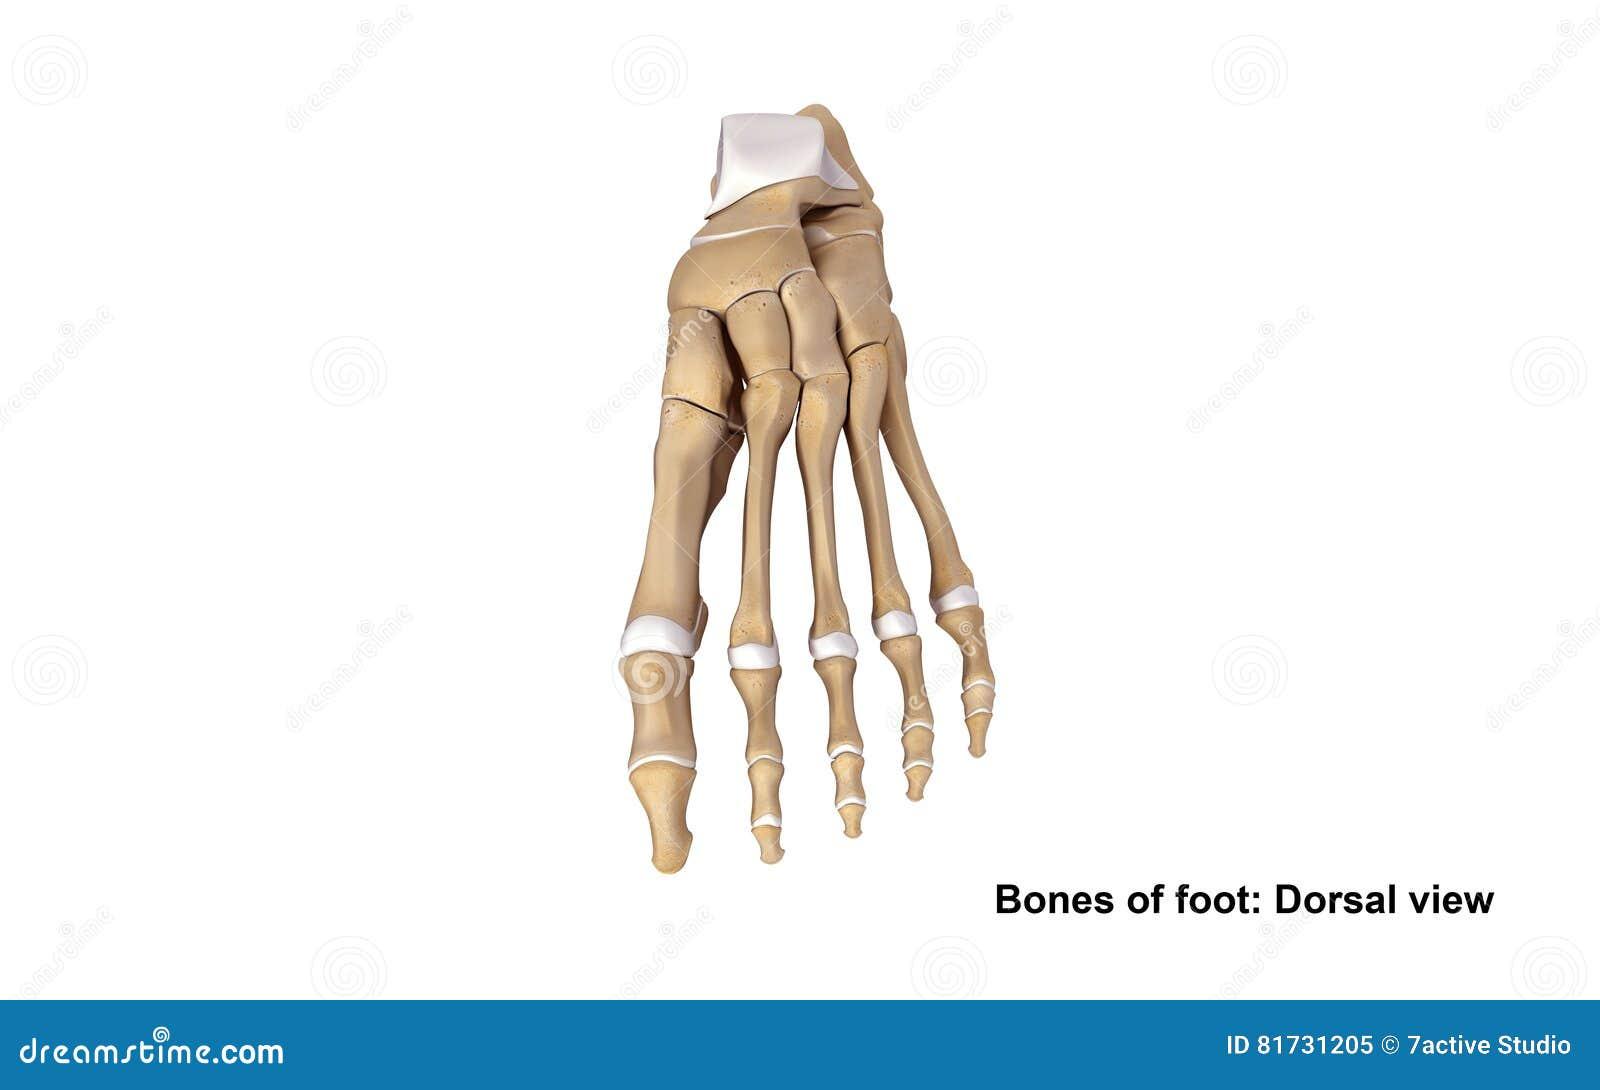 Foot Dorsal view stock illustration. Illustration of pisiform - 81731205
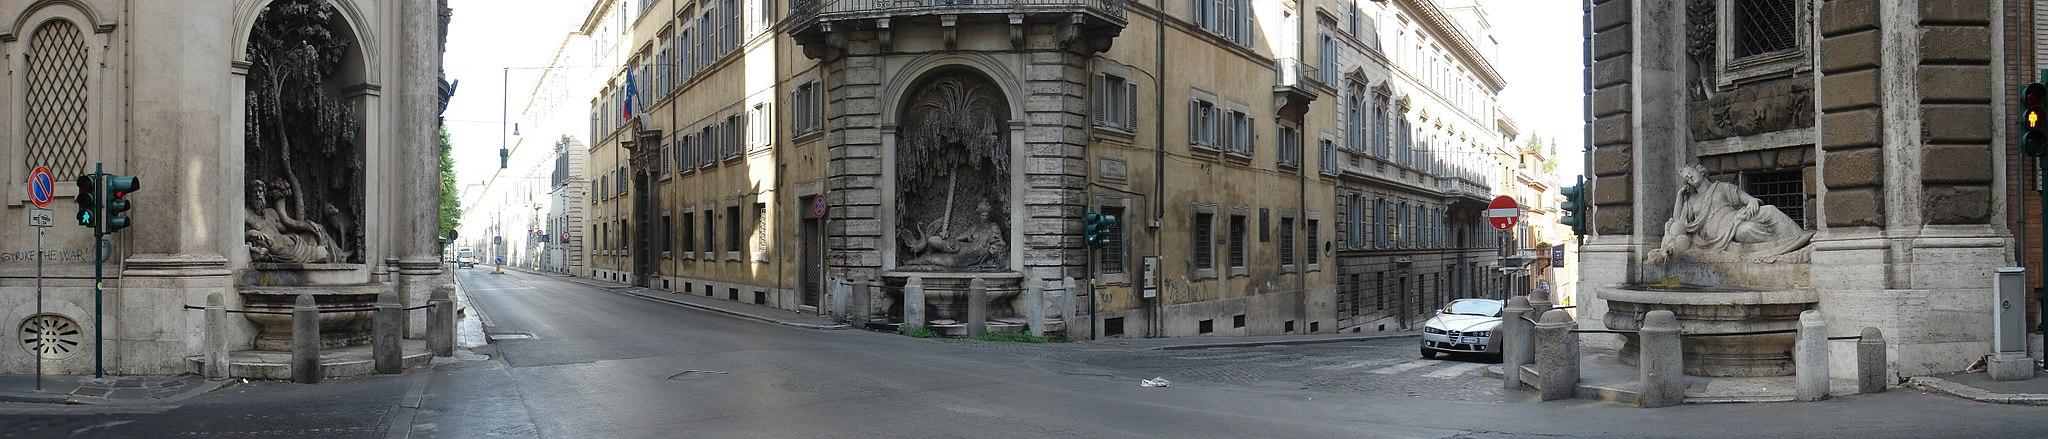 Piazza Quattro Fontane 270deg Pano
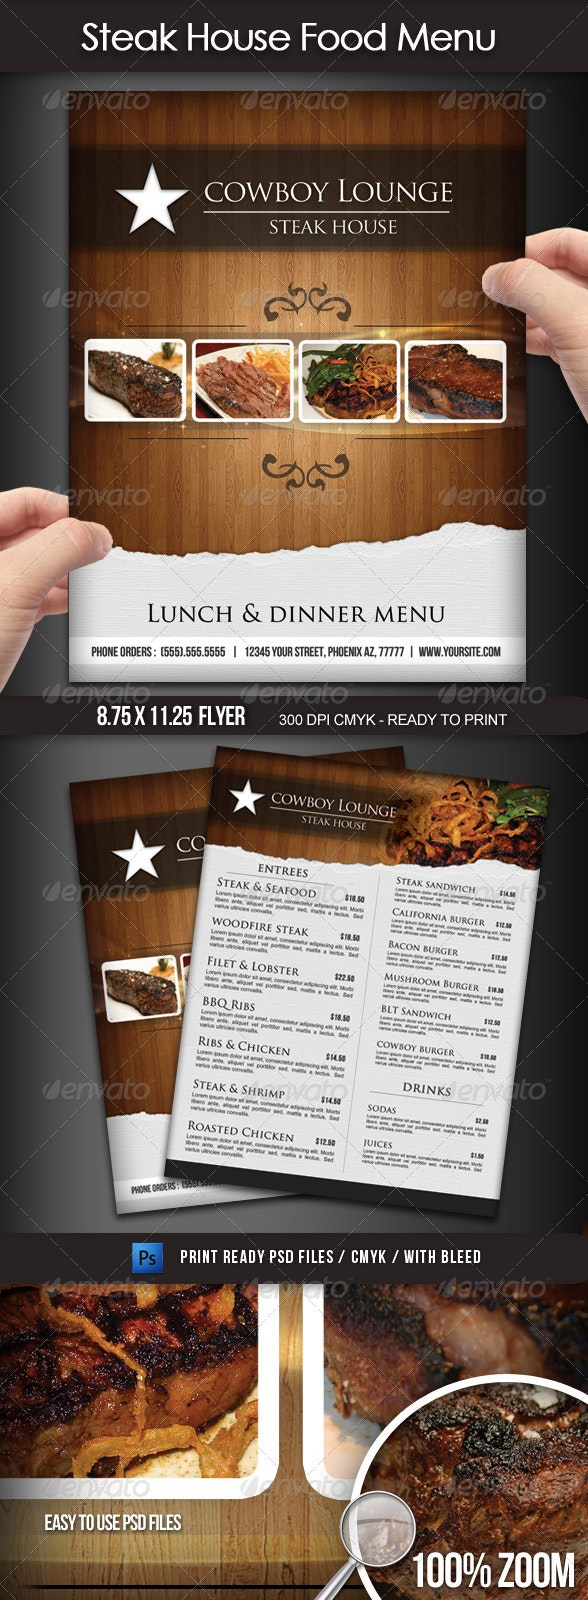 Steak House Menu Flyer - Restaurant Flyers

THE PROBLEM: A verbatim transcript of the material above, with images dropped, is the expected output.

YOUR SOLUTION:
 Foot Dorsal view stock illustration. Illustration of pisiform - 81731205
 Piazza Quattro Fontane 270deg Pano
 Steak House Menu Flyer - Restaurant Flyers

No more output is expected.